Every signed measure $\mu$ on $(X,M)$ has a decomposition into difference $\mu=\mu^+ - \mu^-$ , where $\mu^+ , \mu^-$ are measures . (Here $-\infty \lt \mu(E)\le \infty$ for every measurable set $E\in M$ )

I have see Hahn decomposition theorem here . But in Stein & Shakarchi's real analysis Page $_{288}$, it proves this conclusion in another way .

Let $|\mu|$ denote the total variation of $\mu$ , by $$|\mu|(E)=\sup \sum_{j=1}^{\infty}|\mu(E_j)|$$ where the supremum is taken over all partitions of $E$ .
Then we can construct the decomposition as follows : $$\mu^+=\frac12 (|\mu|+\mu)$$ $$\mu^-(E)=0 \,\,\,\,\,\,\,\, \text{whenever $\mu(E)=\infty$}$$ $$\mu^-(E)=\frac12 (|\mu|-\mu)(E) \,\,\,\,\,\,\,\,\,\,\,\, \text{whenever $\mu(E) \lt \infty$}$$ We can see that $\mu^+$ and $\mu^-$ are measures , and they clearly satisfy $$\mu=\mu^+ - \mu^-$$

I can prove that both $|\mu|$ and $\mu^+$ are measures and $\mu \le |\mu|$ . But I have some trouble when dealing with $\mu^-$ .
My attempt:
Remember a set function $v$ called measure iff it satisfy :
$(1)$ For every measurable set $E \in M$ , $0\le v(E) \le \infty$
$(2)$ If $E_1,E_2,... $ is a countable family of disjoint sets in $M$ , then $$\mu(\bigcup_{n=1}^{\infty}E_n)=\sum_{n=1}^{\infty}\mu(E_n)$$

It is easy to see that $\mu^-$ satisfy property $(1)$ . However , if $E_1 , E_2$ denote two disjoint set in $M$ , I can not even prove $\mu^-(E_1 \bigcup E_2) = \mu^-(E_1)+\mu^-(E_2)$ . And I think the example follows might show $\mu^-$ can not be a measure .

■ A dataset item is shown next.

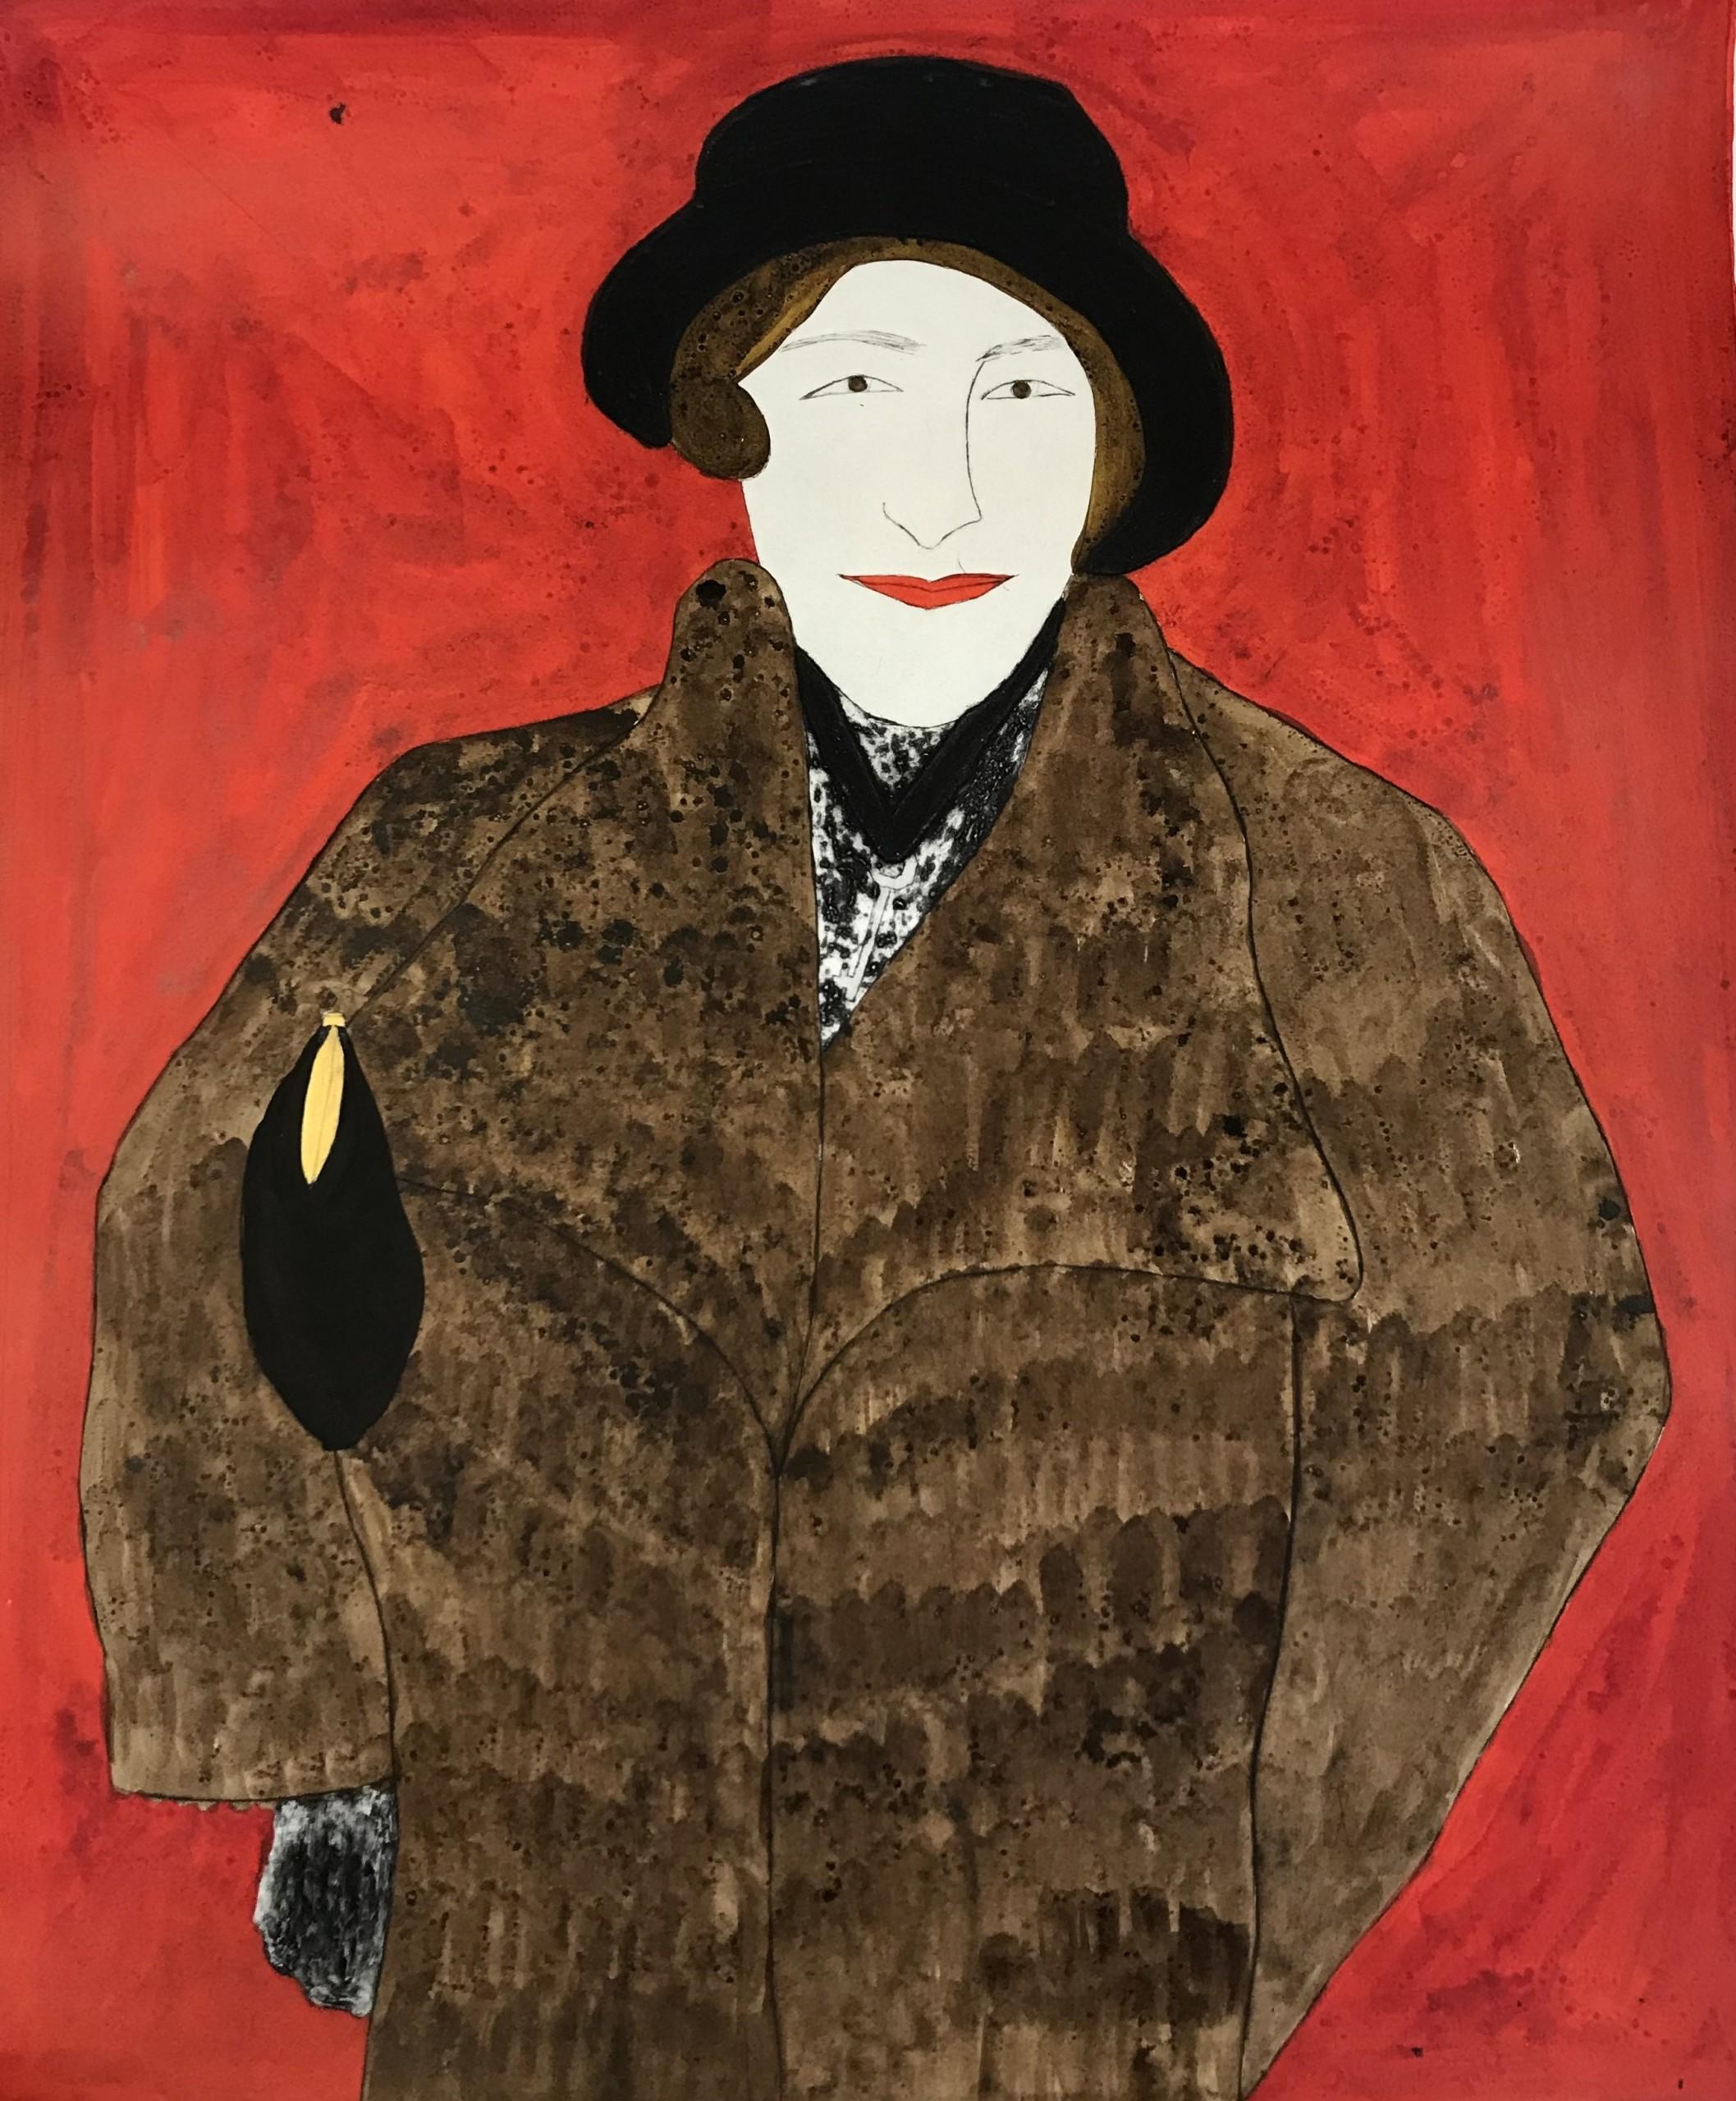 Animal Print Kate Boxer  - Agatha Christie, Mixed media Art print, Littérature, Dramaturge, Personnages célèbres

Consider the space $R$ with Lebesgue measurable set . Construct a function $f$ : $f(x)=x$ whenever $x\in [-1,\infty)$ and $f(x)=0$ otherwise . Then we can construct a signed measure $\mu$ by $$\mu(E)=\int_E f(x) \,dx$$ Some simple observation may show that $\mu^-$ defined above can not be a measure . If $\mu^-$ is a measure , then $$\mu^-([-1,2]\bigcup (2,\infty))=\mu^-([-1,2])+\mu^-((2,\infty))$$ Since $\mu([-1,\infty)=\mu((2,\infty))=\infty$ , LHS $=0$ while RHS $=\mu^-([-1,2])$ this may lead to a contradiction if we can prove $\mu^-([-1,2])\gt 0$ . By definition of $|\mu|$ , we have $$|\mu|([-1,2]) \ge |\mu([-1,0]|+|\mu((0,2]|=\frac52$$ . Also , we have $\mu([-1,2]=\frac32$ directly , so $$\mu^-([-1,2])\ge \frac12(\frac52-\frac32)=\frac12$$ which leads to a contradication . So $\mu^-$ defined above can not be a measure .
This example made me so confused , since the decomposition defined above is an theorem in my textbook rather than an exercise . So , did I make something wrong in my discussion above ?